_TASK TO CARRY OUT:_
Where a picture occurs in the data, omit it, and copy all remaining data exactly.

_DATA SECTION:_
━━━━

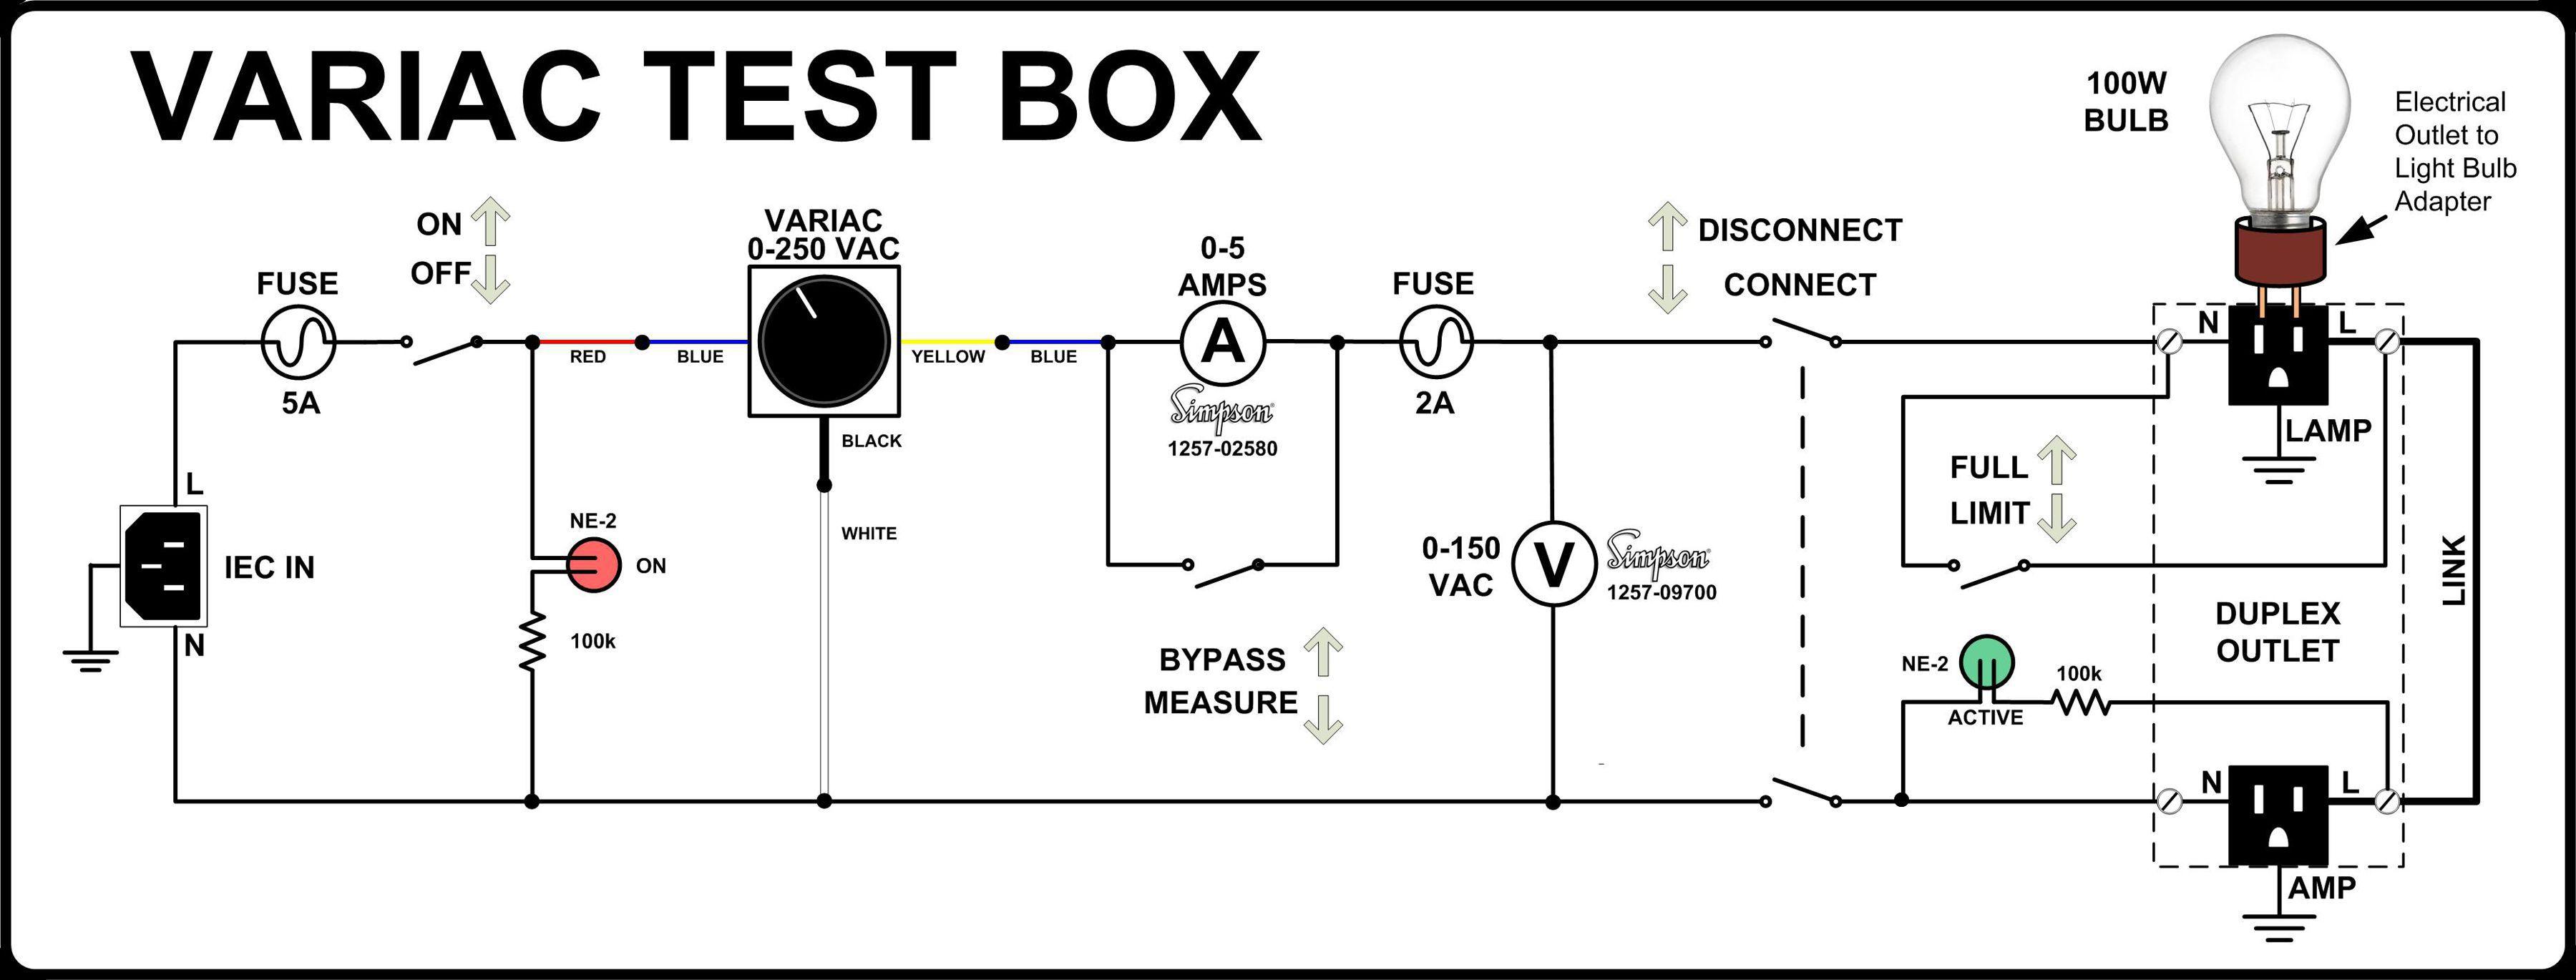 variable transformer wiring diagram basic electronics wiring diagram Transformer Wiring variac variable transformer wiring diagram wiring schematic diagramvariable transformer wiring diagram wiring diagram powerstat variable transformer
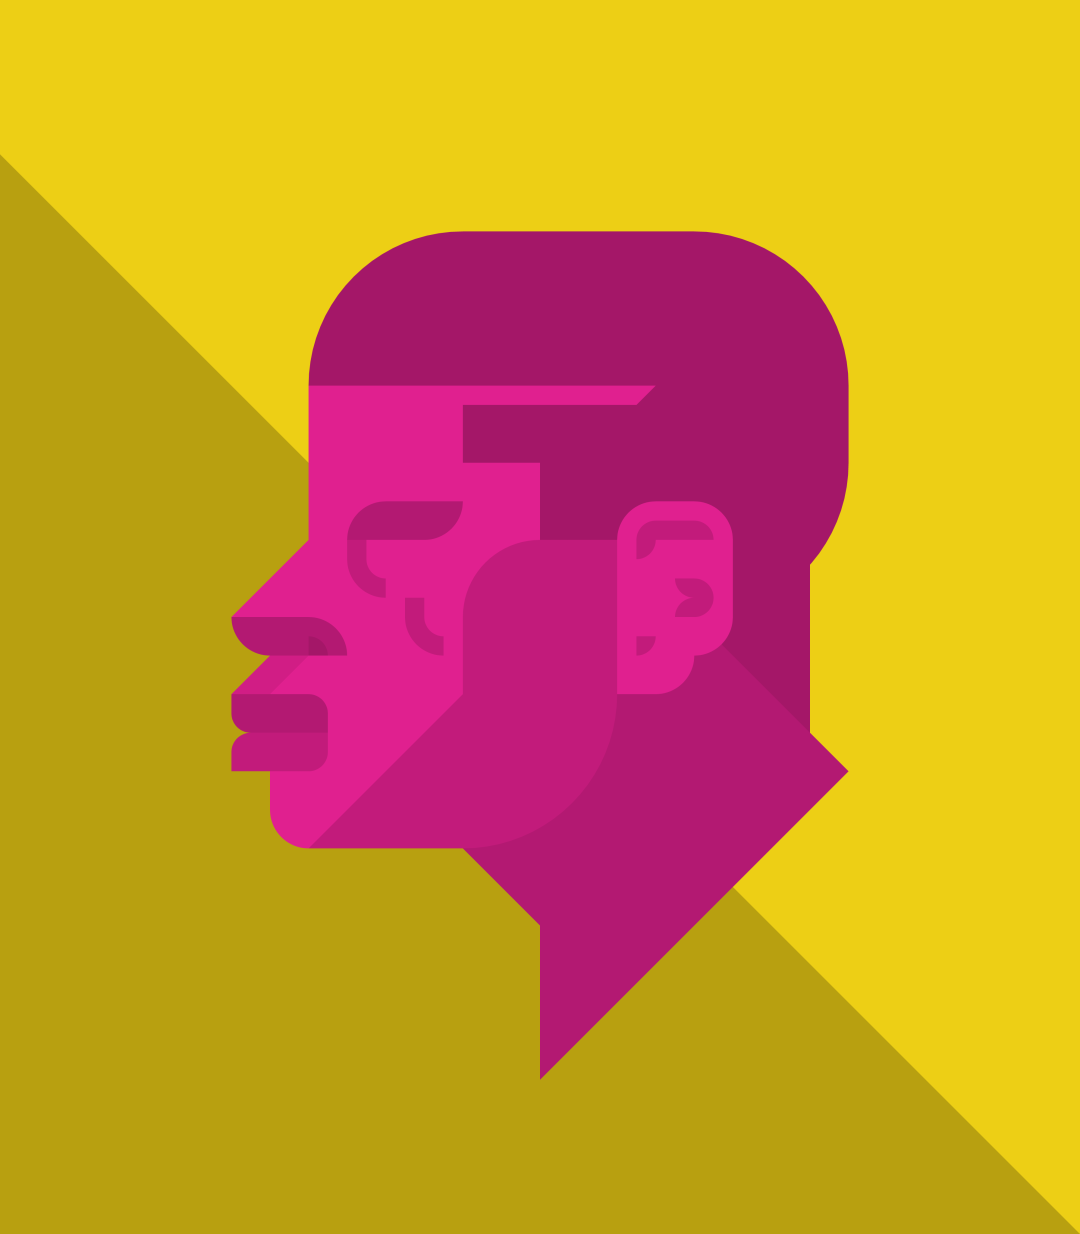 Profile of man #3
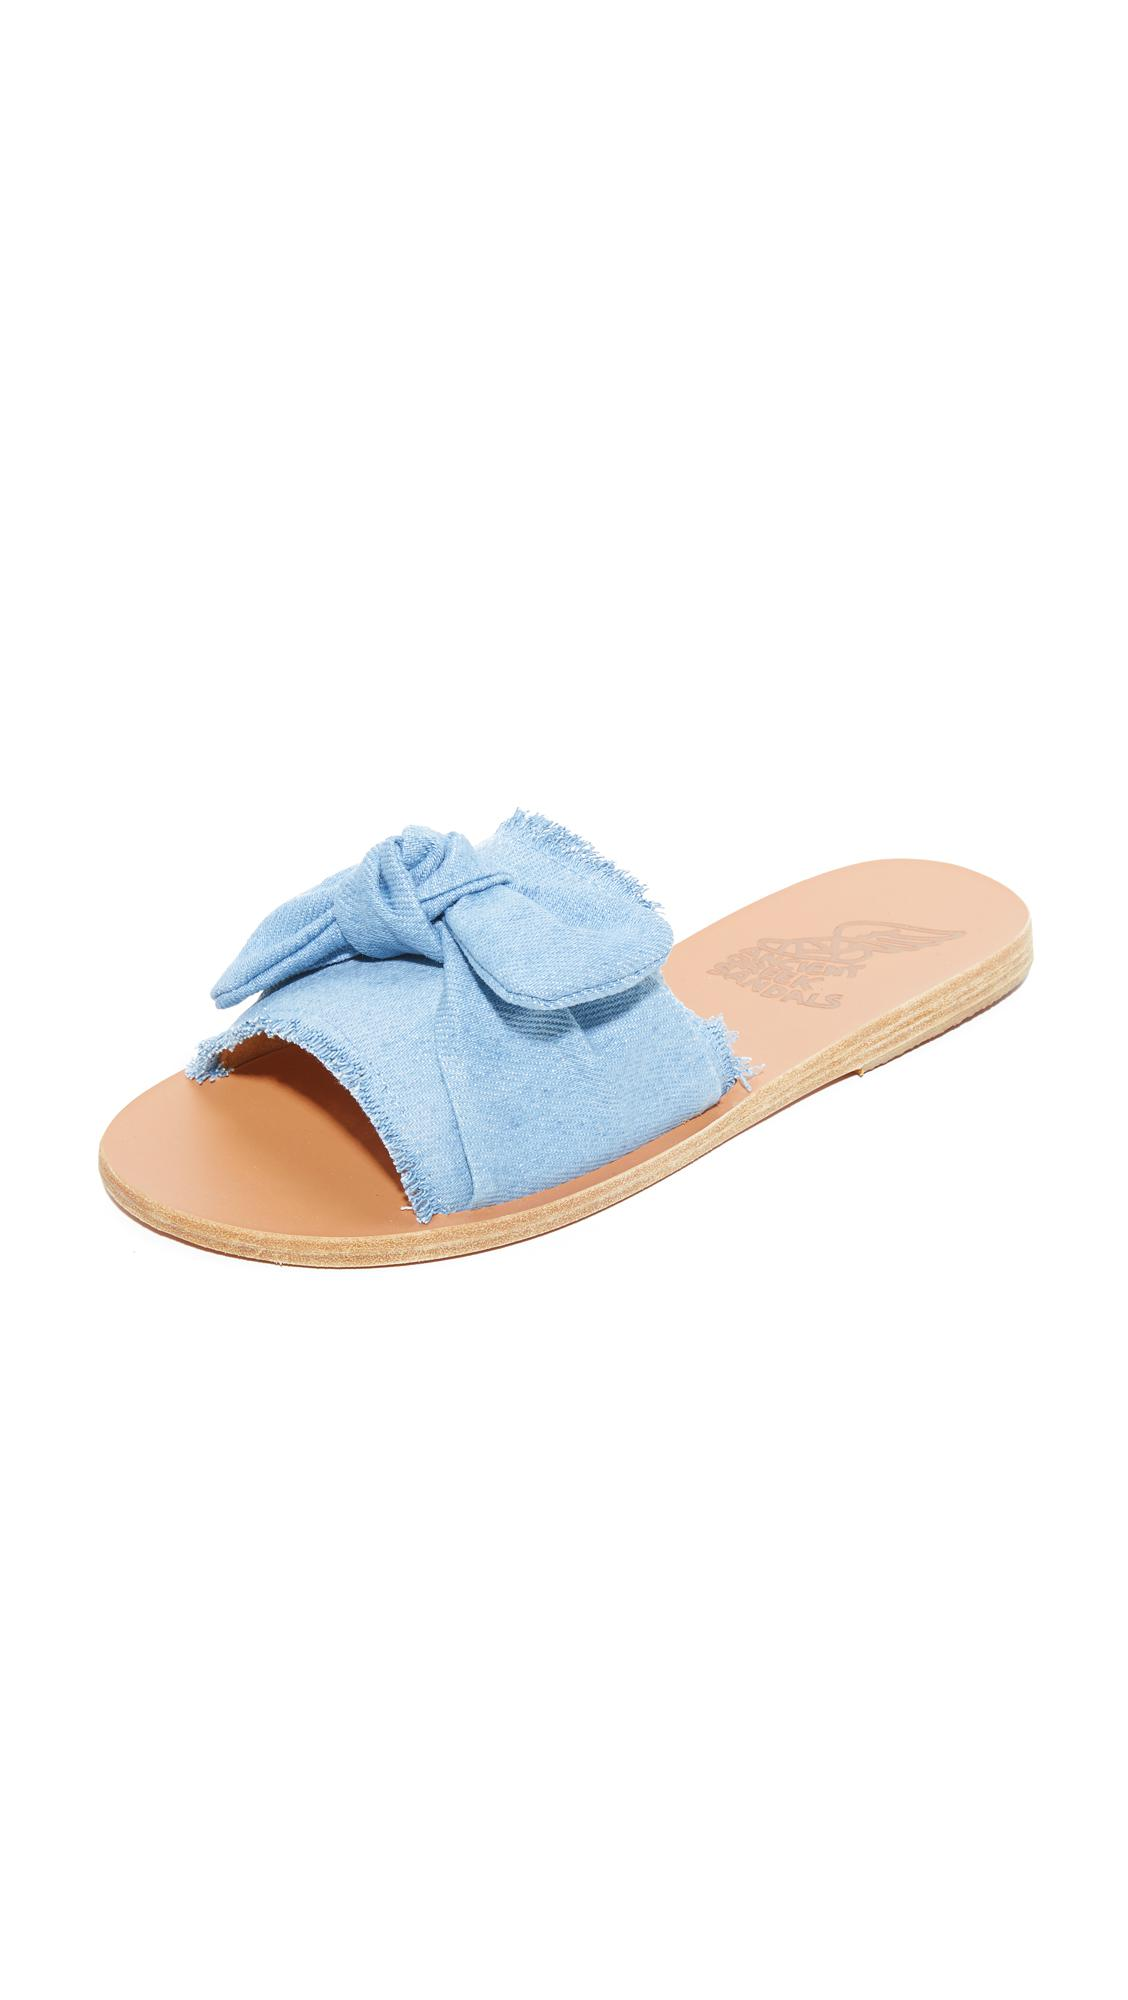 Ancient Greek Sandals Taygete Bow striped sandals Discount Purchase iZQzAuir

━━━━

_SOLUTION TO THE PROBLEM:_
 variable transformer wiring diagram basic electronics wiring diagram Transformer Wiring variac variable transformer wiring diagram wiring schematic diagramvariable transformer wiring diagram wiring diagram powerstat variable transformer
 Profile of man #3
 Ancient Greek Sandals Taygete Bow striped sandals Discount Purchase iZQzAuir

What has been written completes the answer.